------ The data ------
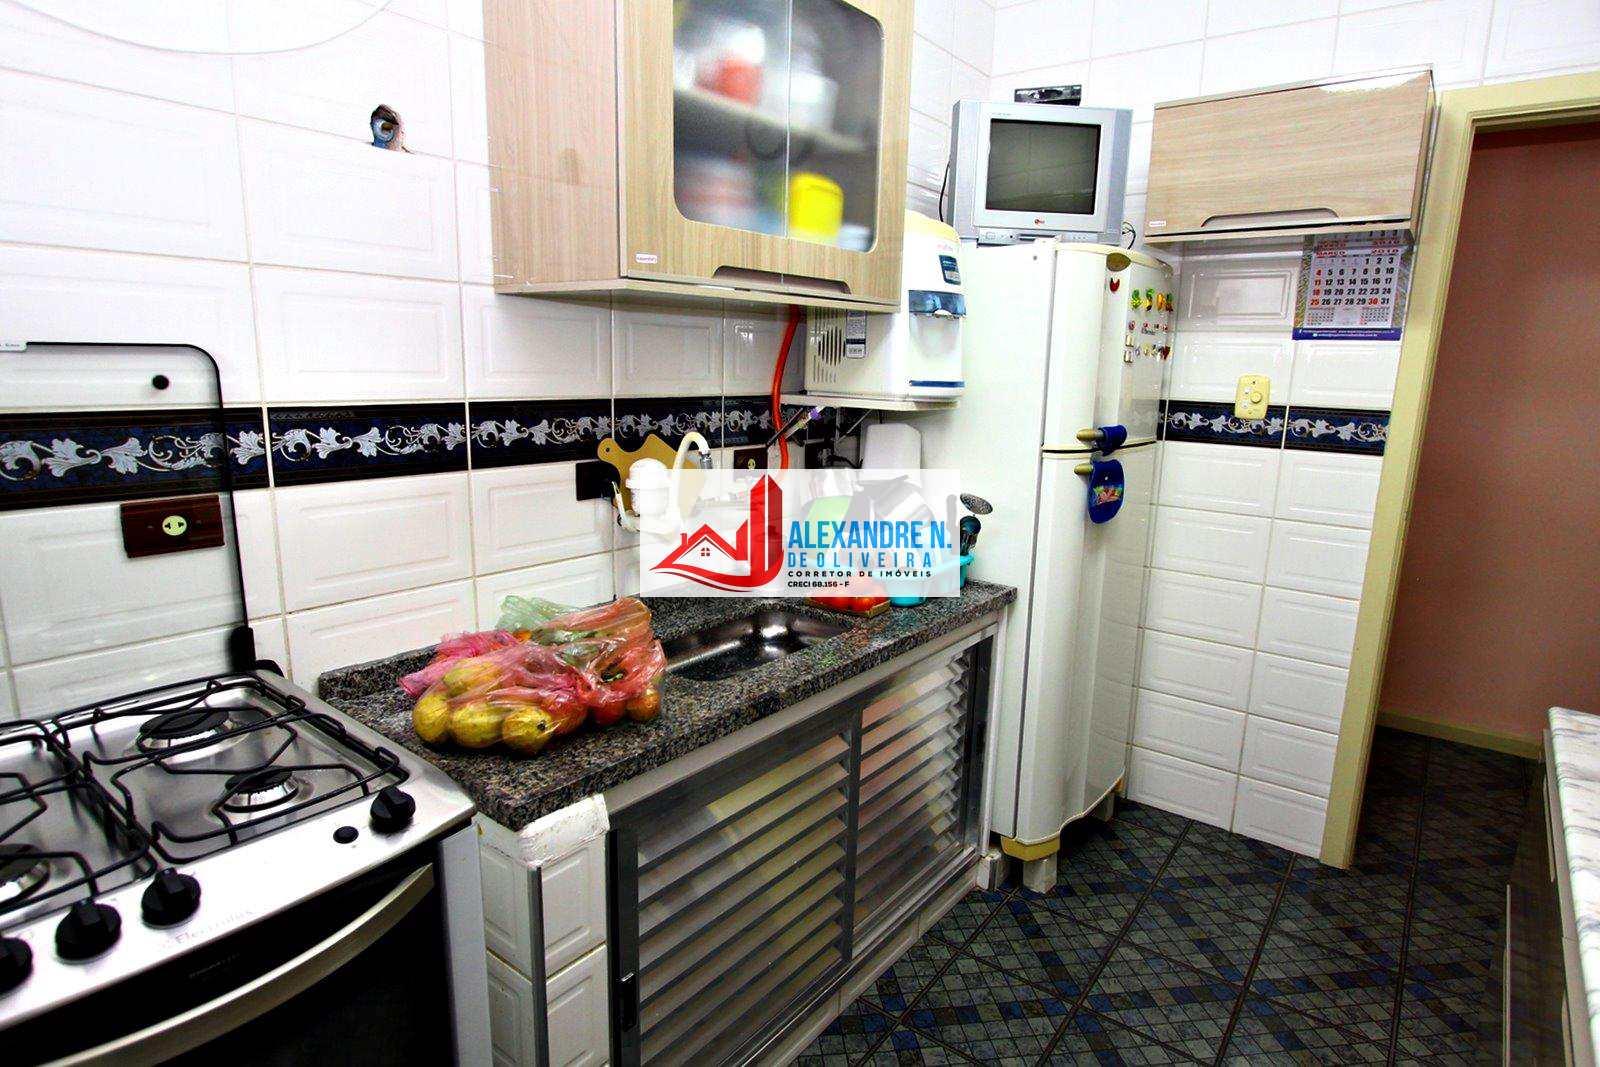 Frente-mar, 2 dorm, Tupi, Praia Grande, R$ 300 mil, AP00438
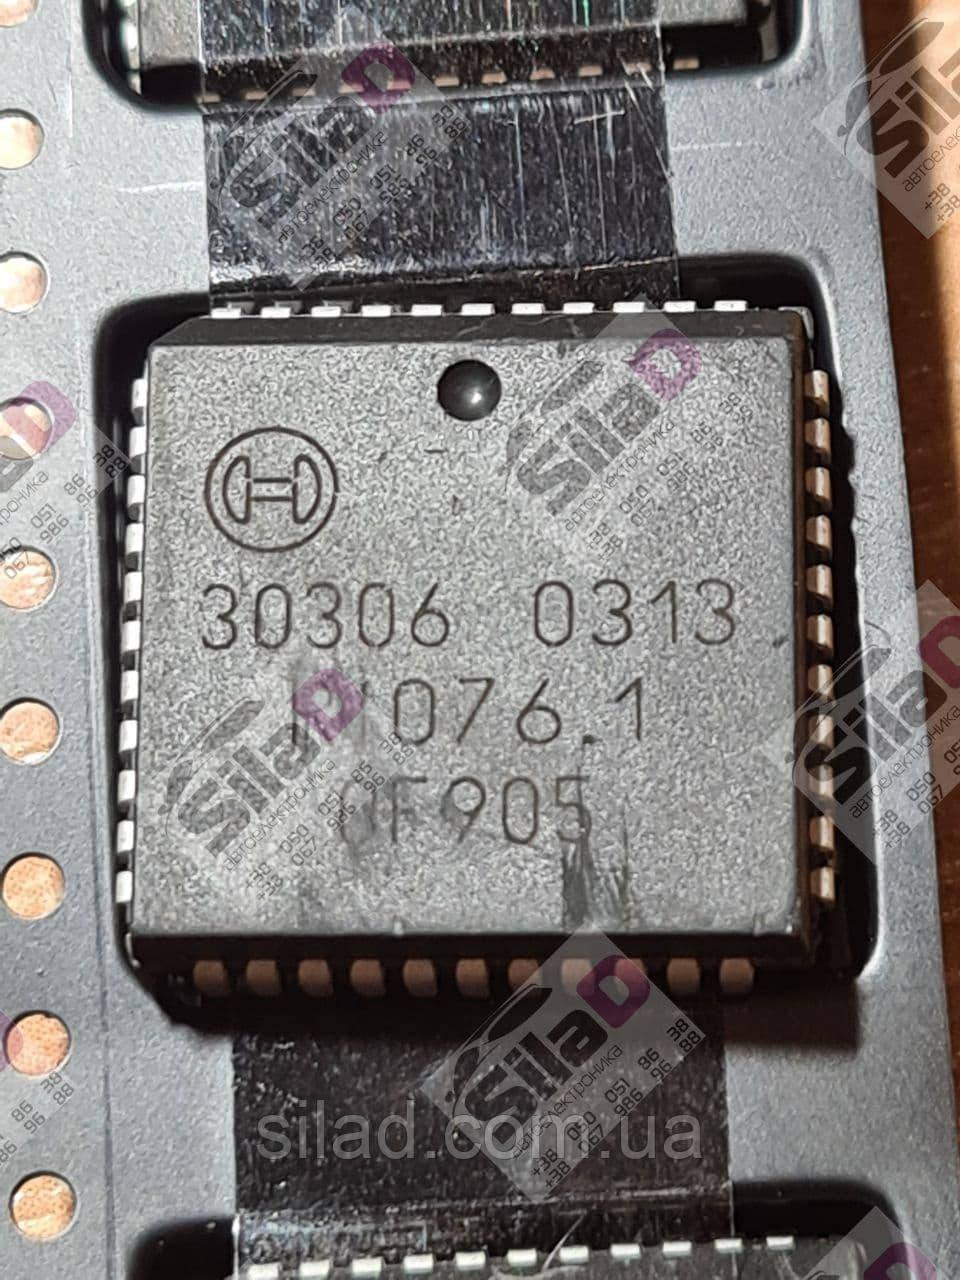 Микросхема Bosch 30306 корпус PLCC44
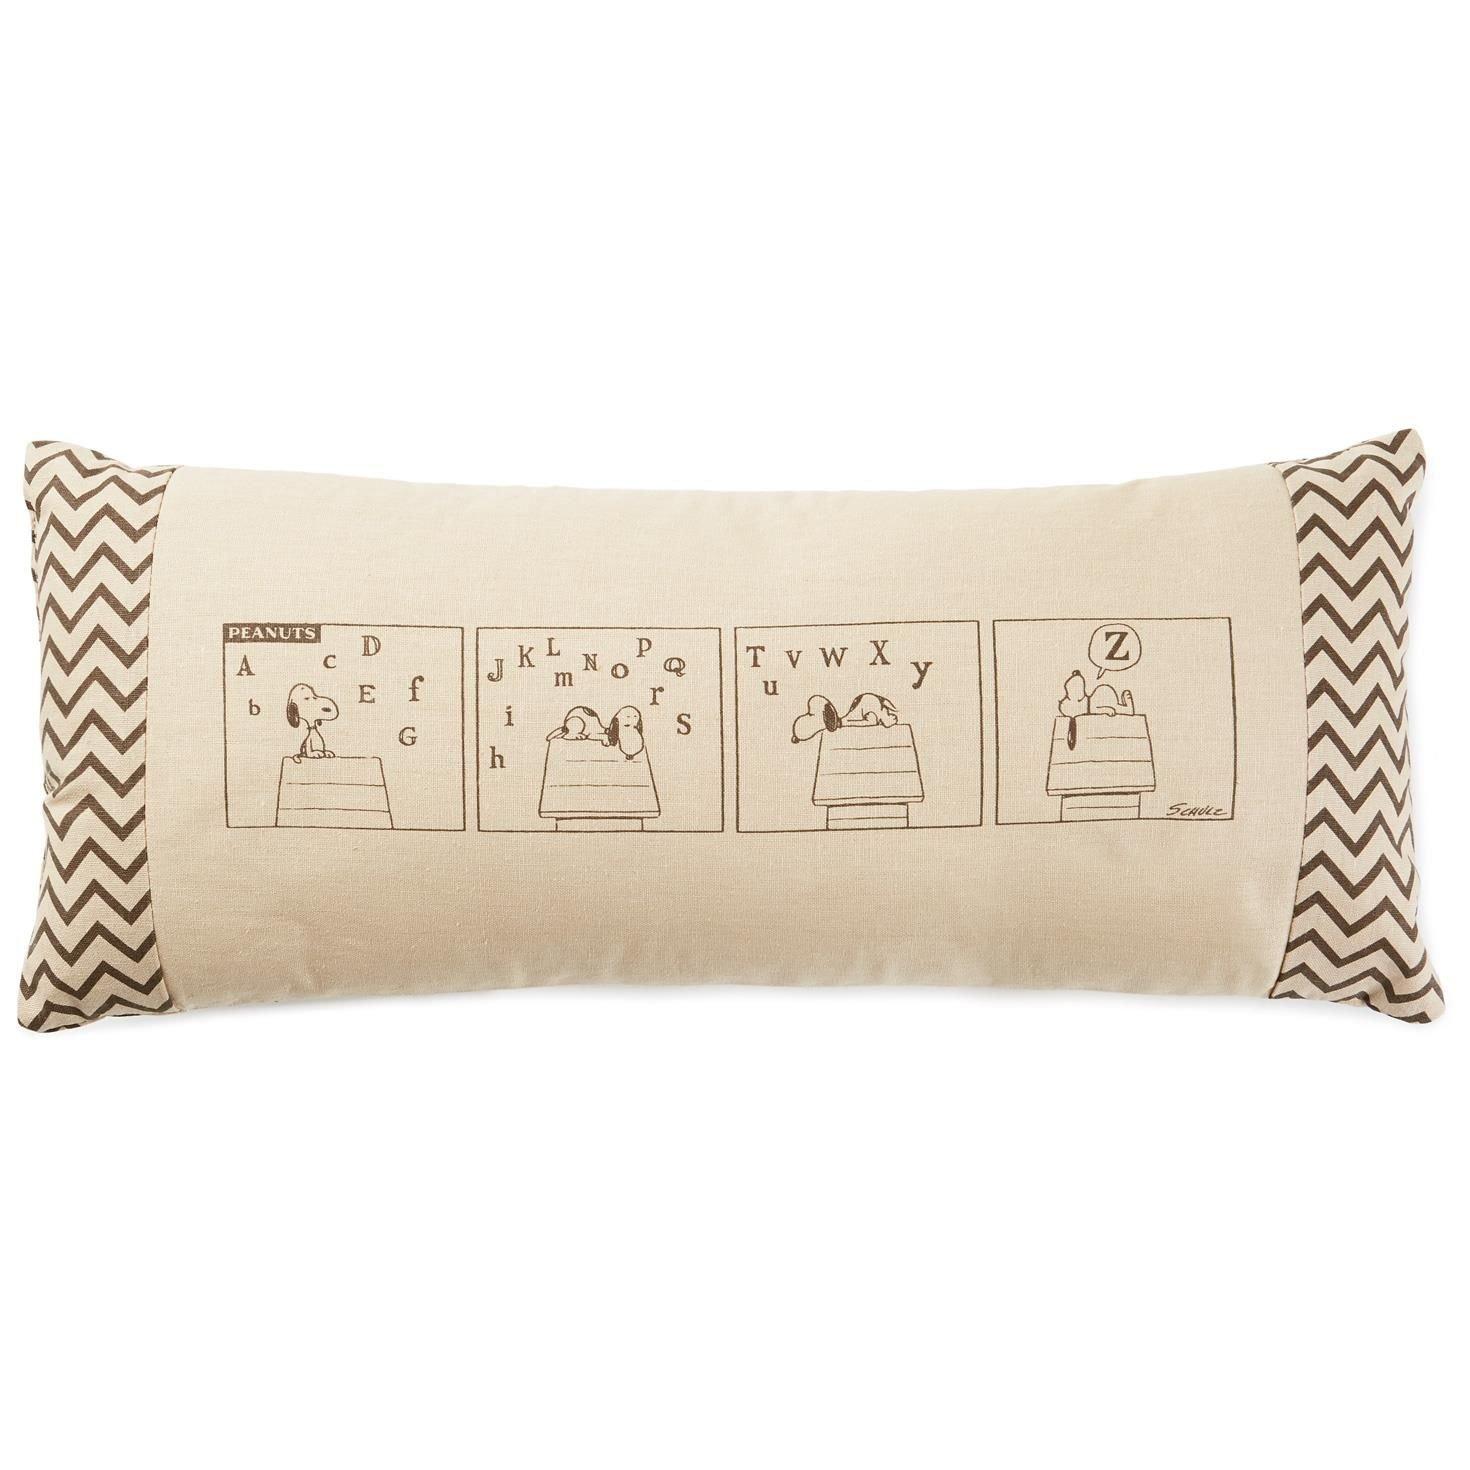 Hallmark Peanuts Snoopy Sleeping Rectangle Pillow, 18x8 Pillows & Blankets Movies & TV
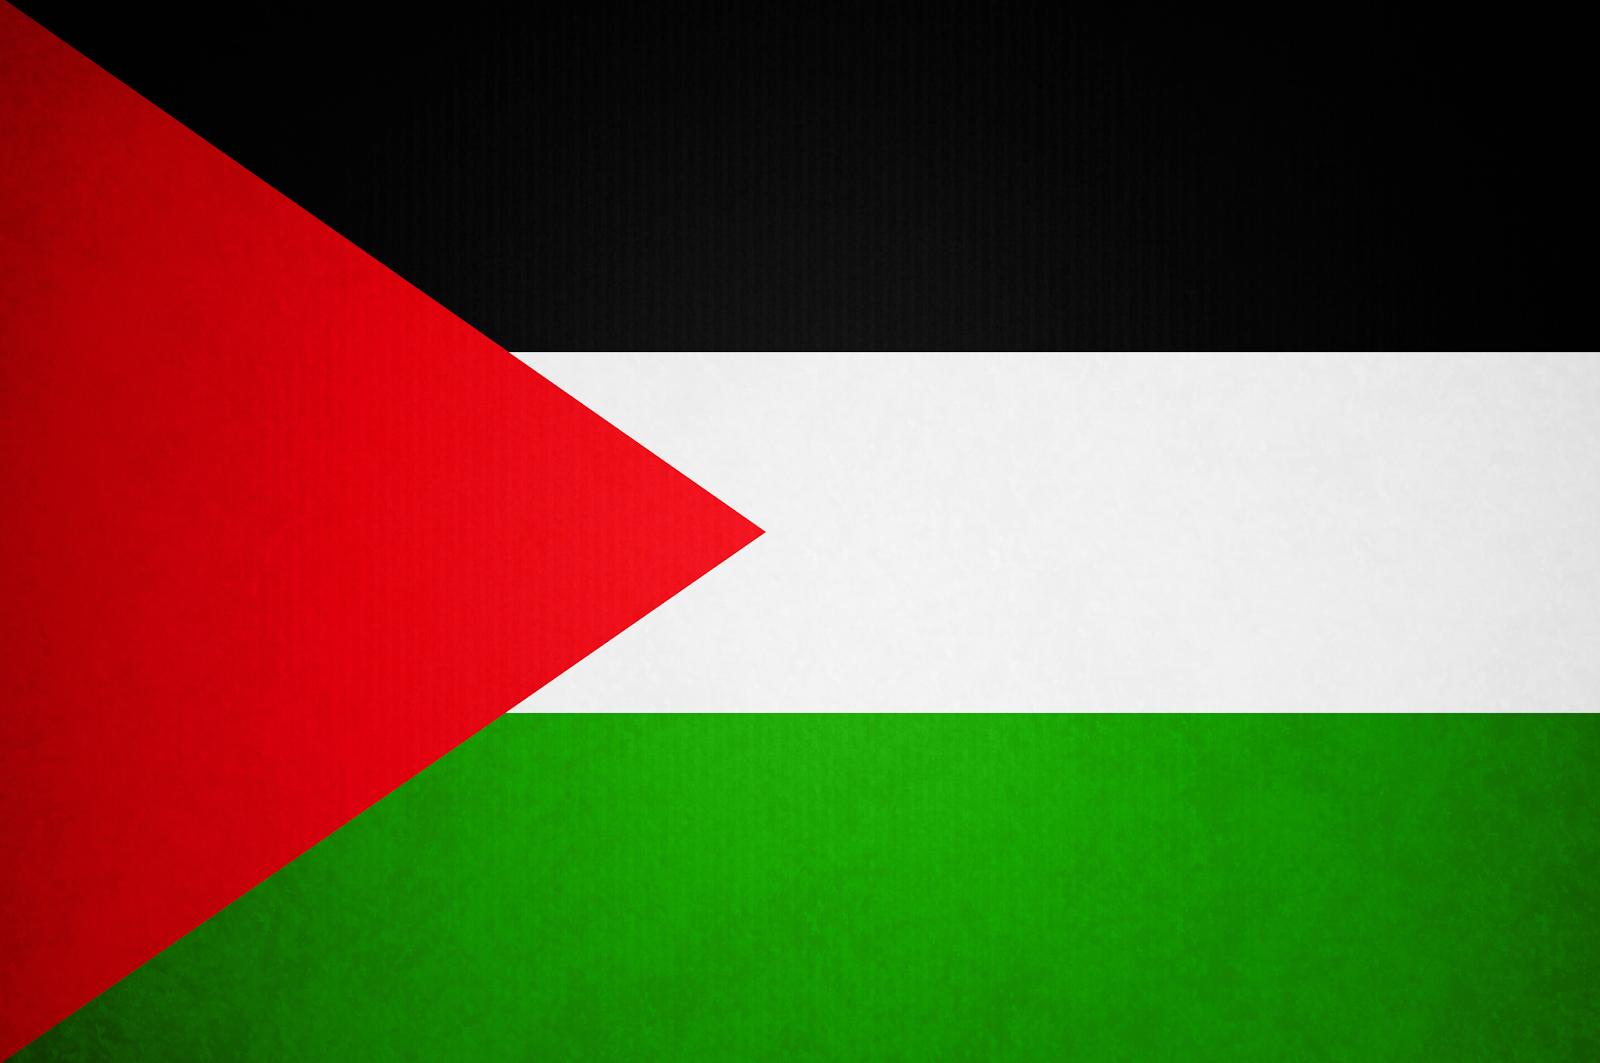 Palestinian Flag Hd Png علم فلسطين - Flag HD PNG
------
Required action - Give back the material above exactly as it appears, minus the pictures.

Problem solution -
 Frente-mar, 2 dorm, Tupi, Praia Grande, R$ 300 mil, AP00438
 Микросхема Bosch 30306 корпус PLCC44
 Hallmark Peanuts Snoopy Sleeping Rectangle Pillow, 18x8 Pillows & Blankets Movies & TV
 Palestinian Flag Hd Png علم فلسطين - Flag HD PNG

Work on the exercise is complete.